HotCSE Seminar
Computational Science & Engineering
Wednesday March 08, 12pm-1pm, 1116-E Klaus

Polyadic Regression and its Application to Chemogenomics

Ioakeim (Kimis) Perros
Advisor: Prof. Jimeng Sun


We study the problem of Polyadic Prediction, where the input consists of an ordered tuple of objects, and the goal is to predict a measurement associated with them. Many tasks can be naturally framed as Polyadic Prediction problems. In drug discovery, for instance, it is important to estimate the treatment effect of a drug on various tissue-specific diseases, as it is expressed over the available genes. Thus, we essentially predict the expression value measurements for several (drug, gene, tissue) triads. To tackle Polyadic Prediction problems, we propose a general framework, called Polyadic Regression, predicting measurements associated with multiple objects. Our framework is inductive, in the sense of enabling predictions for new objects, unseen during training. Our model is expressive, exploring high-order, polyadic interactions in an efficient manner. An alternating Proximal Gradient Descent procedure is proposed to fit our model. We perform an extensive evaluation using real-world chemogenomics data, where we illustrate the superior performance of Polyadic Regression over the prior art. Our method achieves an increase of 0.06 and 0.1 in Spearman correlation between the predicted and the actual measurement vectors, for predicting missing polyadic data and predicting polyadic data for new drugs, respectively.

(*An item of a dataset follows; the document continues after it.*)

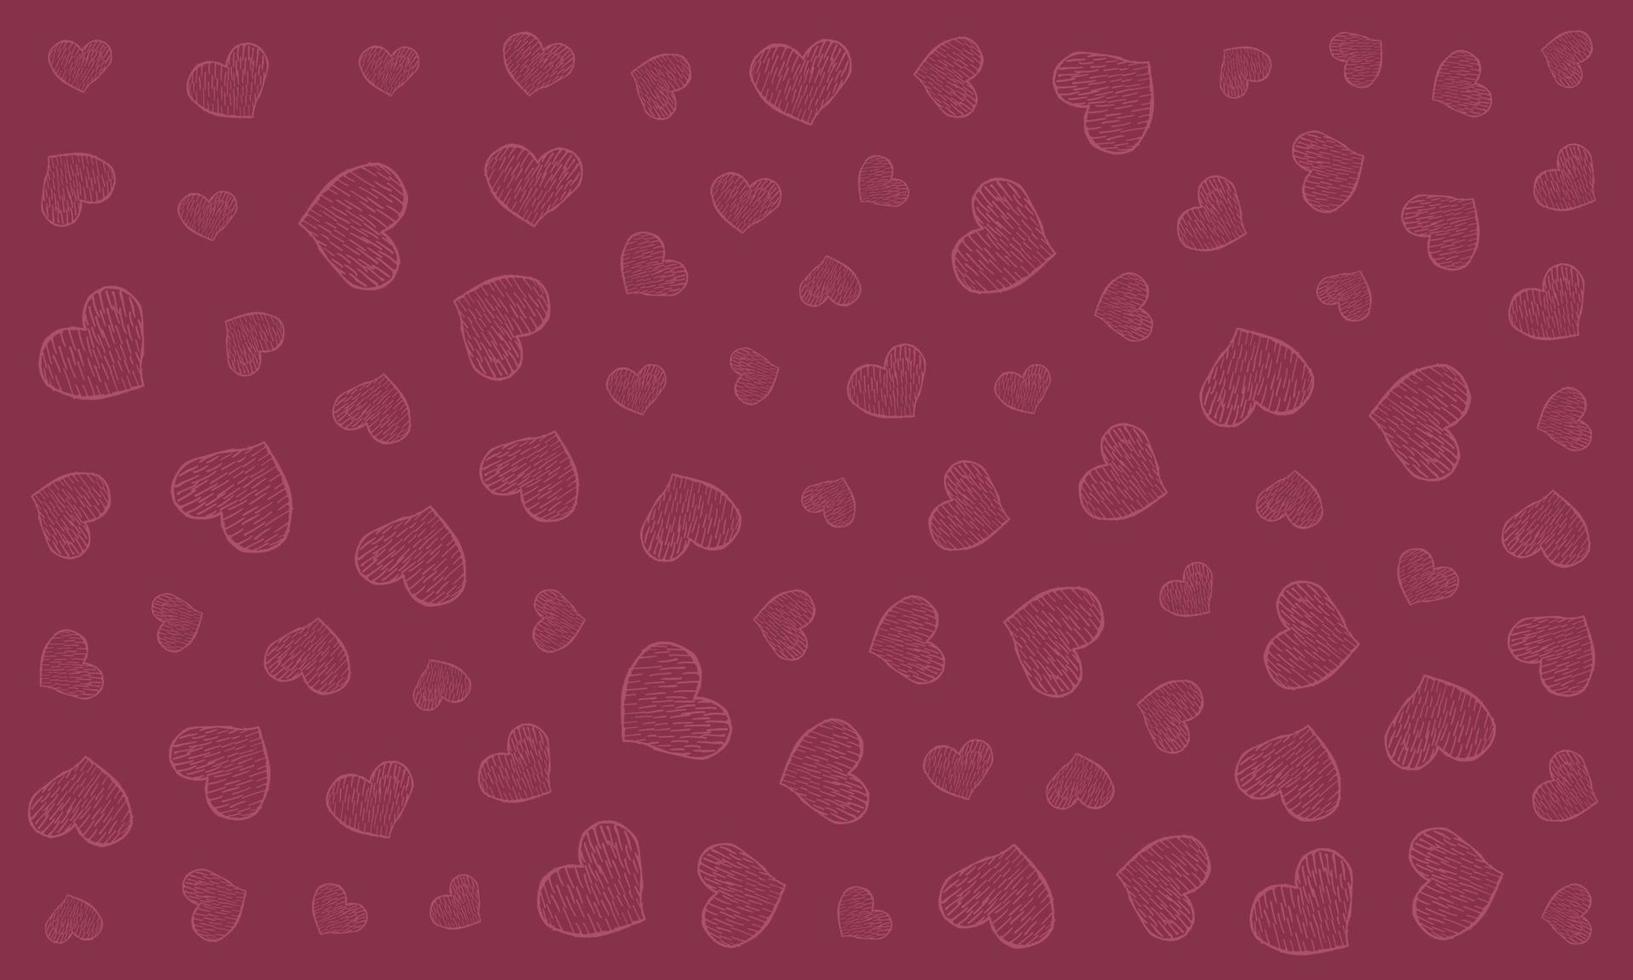 Happy Valentines Day Background. Background with doodle hearts for Valentines Day. Vector illustration.
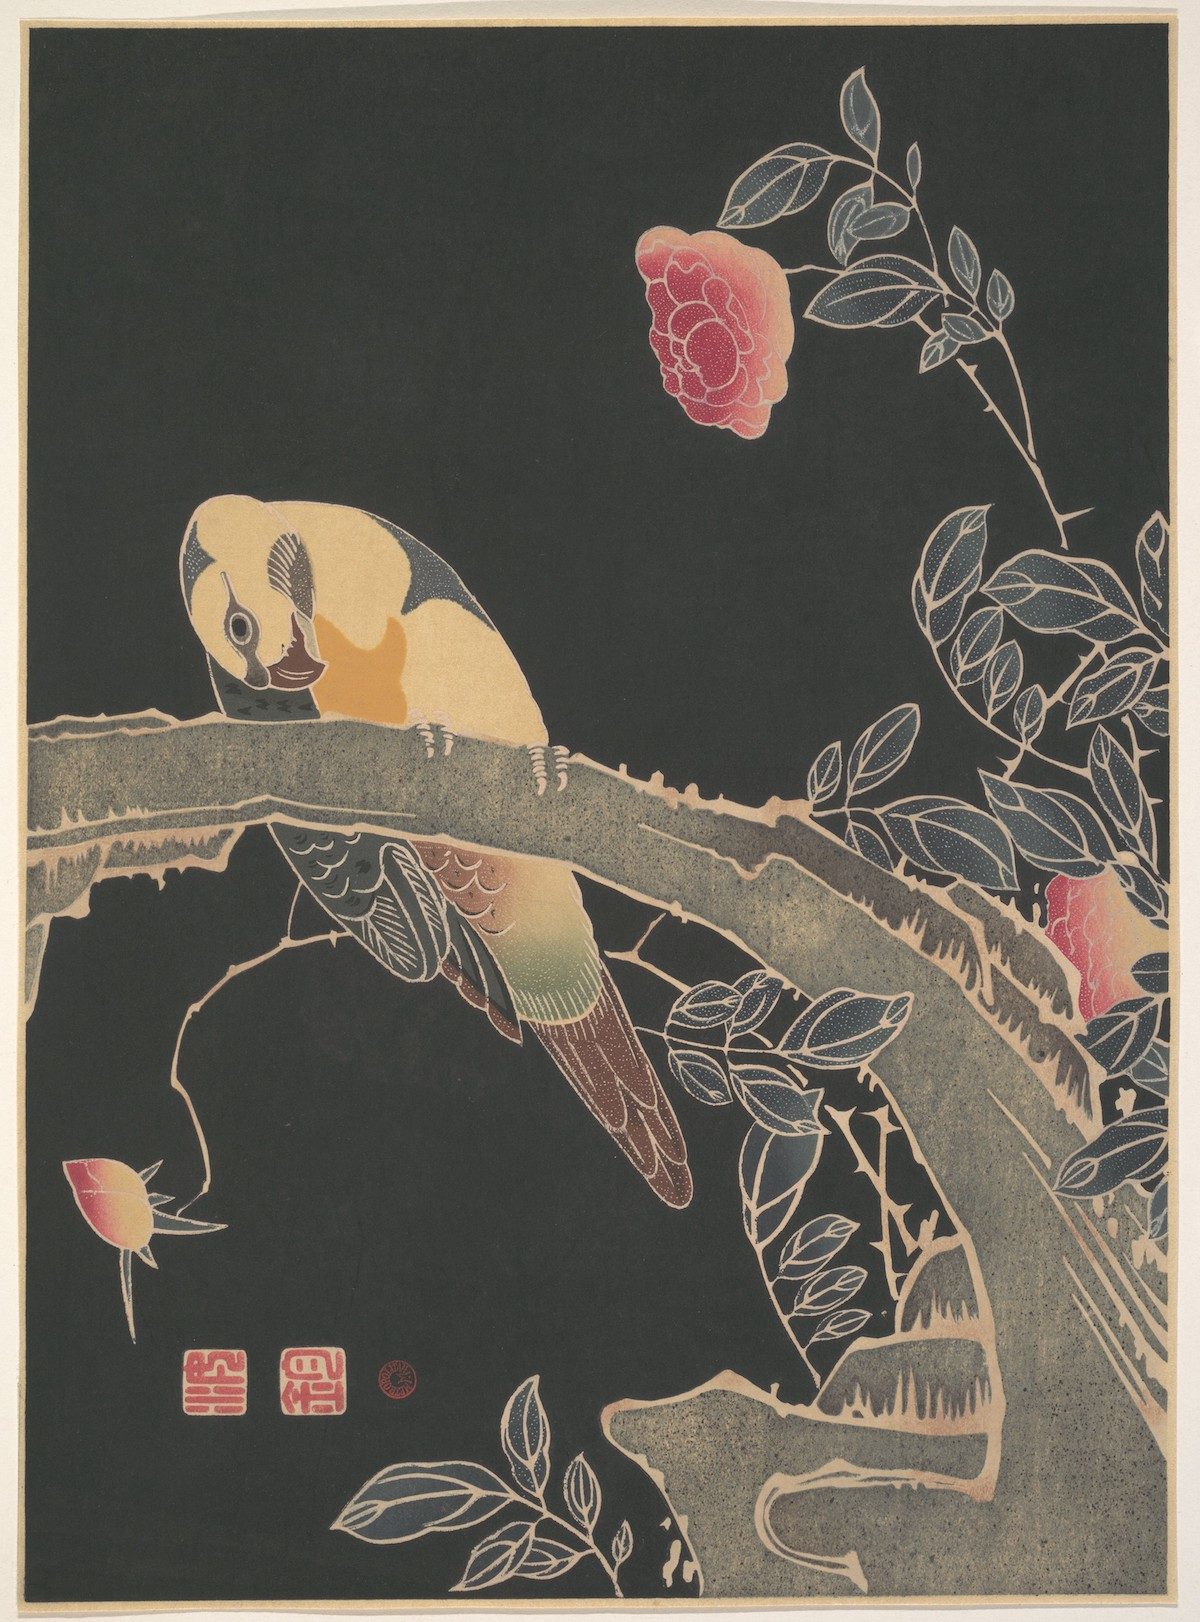 Parrot on the Branch of a Flowering Rose Bush (ca. 1900) illustration by Ito Jakuchu.

Ioakeim (Kimis) Perros ( earned the Diploma and M. Sc. degrees in Electronic & Computer Engineering from the Technical University of Crete, Greece, in 2012 and 2014 respectively. He is currently with the SunLab group, working as a Research Assistant and pursuing a Ph.D. degree in Computational Science & Engineering from the Georgia Institute of Technology. He has also interned at the Health Informatics Division of Weill Cornell Medicine. His general research interests span the areas of Data Mining, Machine Learning and Healthcare Analytics. His current research focus is on developing tensor methods for computational medicine.